For a big nbr of it might matter?
Is av_grade O(n*2) and the first O(n) when it comes to adding or is
"sum x for x in y" just traversing the list ones, accumulating the
values, it doesnt first build the list and then travese it for sum?

AFAIK both versions are O(n).
sum(x for x in y) contains a "generator expression" [1], it does not
create an intermediate list.
sum([x for x in y]) contains a "list comprehension" [2] and it does create
an intermediate list.

I'd say the version using sum() should be faster, because the iteration is
implemented inside the interpreter, not in Python code as the other one.
But you should actually measure their relative performance; use the timeit
module for that.

Quote:

def averageGrade(self):
tot = 0
for review in self.reviews:
tot += review.grade
return tot / len(self.reviews)
>
def av_grade(self):
return sum(review.grade for review in self.reviews) / \
len(self.reviews)

[1] http://docs.python.org/tut/node11.ht...00000000000000
[2] http://docs.python.org/tut/node7.html
--
Gabriel Genellina

On Fri, 29 Aug 2008 21:26:35 -0700, cnb wrote:

Quote:

def averageGrade(self):
tot = 0
for review in self.reviews:
tot += review.grade
return tot / len(self.reviews)
>
def av_grade(self):
return sum(review.grade for review in self.reviews) / \
len(self.reviews)

Re-writing the functions so they can be tested alone:

def averageGrade(alist):
tot = 0.0
for x in alist:
tot += x
return tot/len(alist)

def av_grade(alist):
return sum(alist)/len(alist)

Quote:

>>from timeit import Timer
>># small amount of items

.... alist = range(100)

Quote:

>>Timer('averageGrade(alist)',

.... 'from __main__ import alist, averageGrade').repeat(number=100000)
[3.9559240341186523, 3.4910569190979004, 3.4856188297271729]

Quote:

>>>
>>Timer('av_grade(alist)',

.... 'from __main__ import alist, av_grade').repeat(number=100000)
[2.0255107879638672, 1.0968310832977295, 1.0733180046081543]

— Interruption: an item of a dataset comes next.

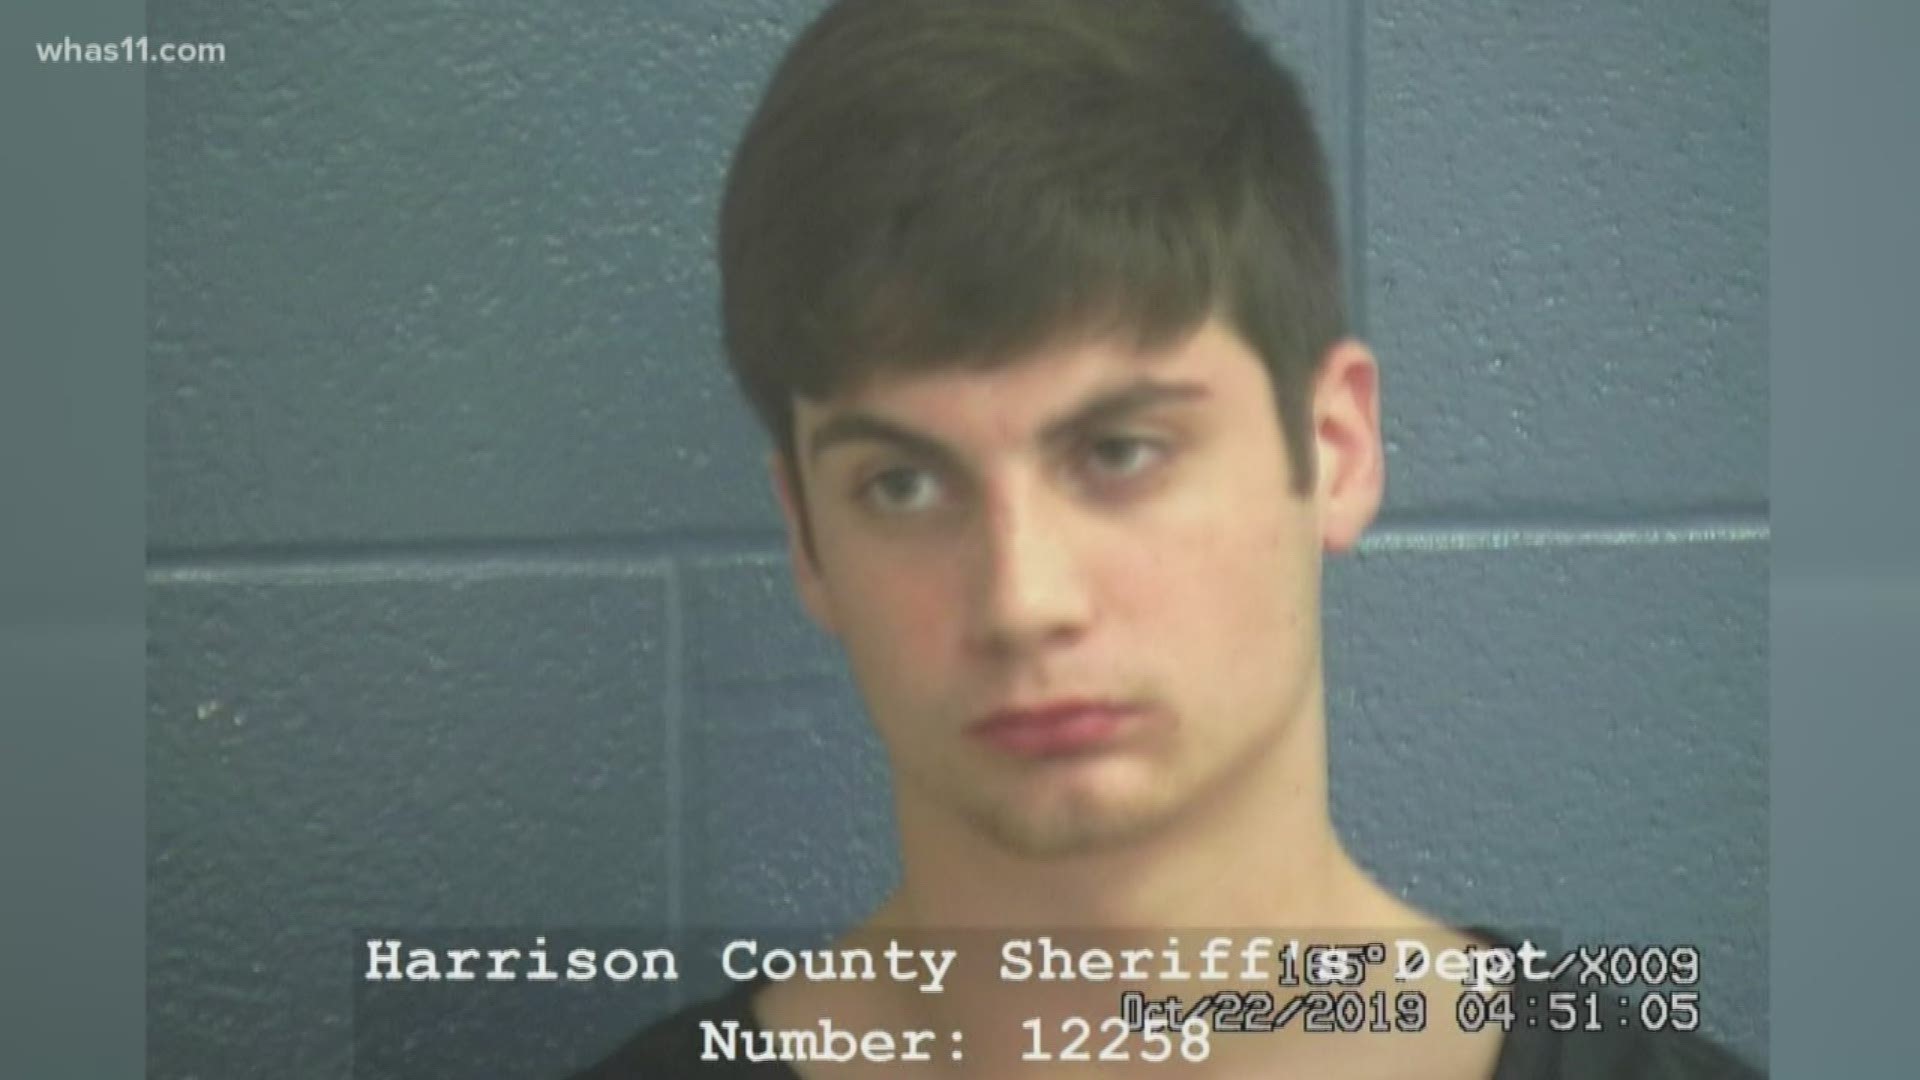 The Harrison County Sheriff's Department said Samuel Smith and two other guys were in a truck that ran over one person.

The version with sum() is much faster. How about with lots of data?

Quote:

>>alist = xrange(1000000)
>>Timer('averageGrade(alist)',

.... 'from __main__ import alist, averageGrade').repeat(number=50)
[17.699107885360718, 18.182793140411377, 18.651514053344727]

Quote:

>>>
>>Timer('av_grade(alist)',

.... 'from __main__ import alist, av_grade').repeat(number=50)
[17.125216007232666, 15.72636890411377, 16.309713840484619]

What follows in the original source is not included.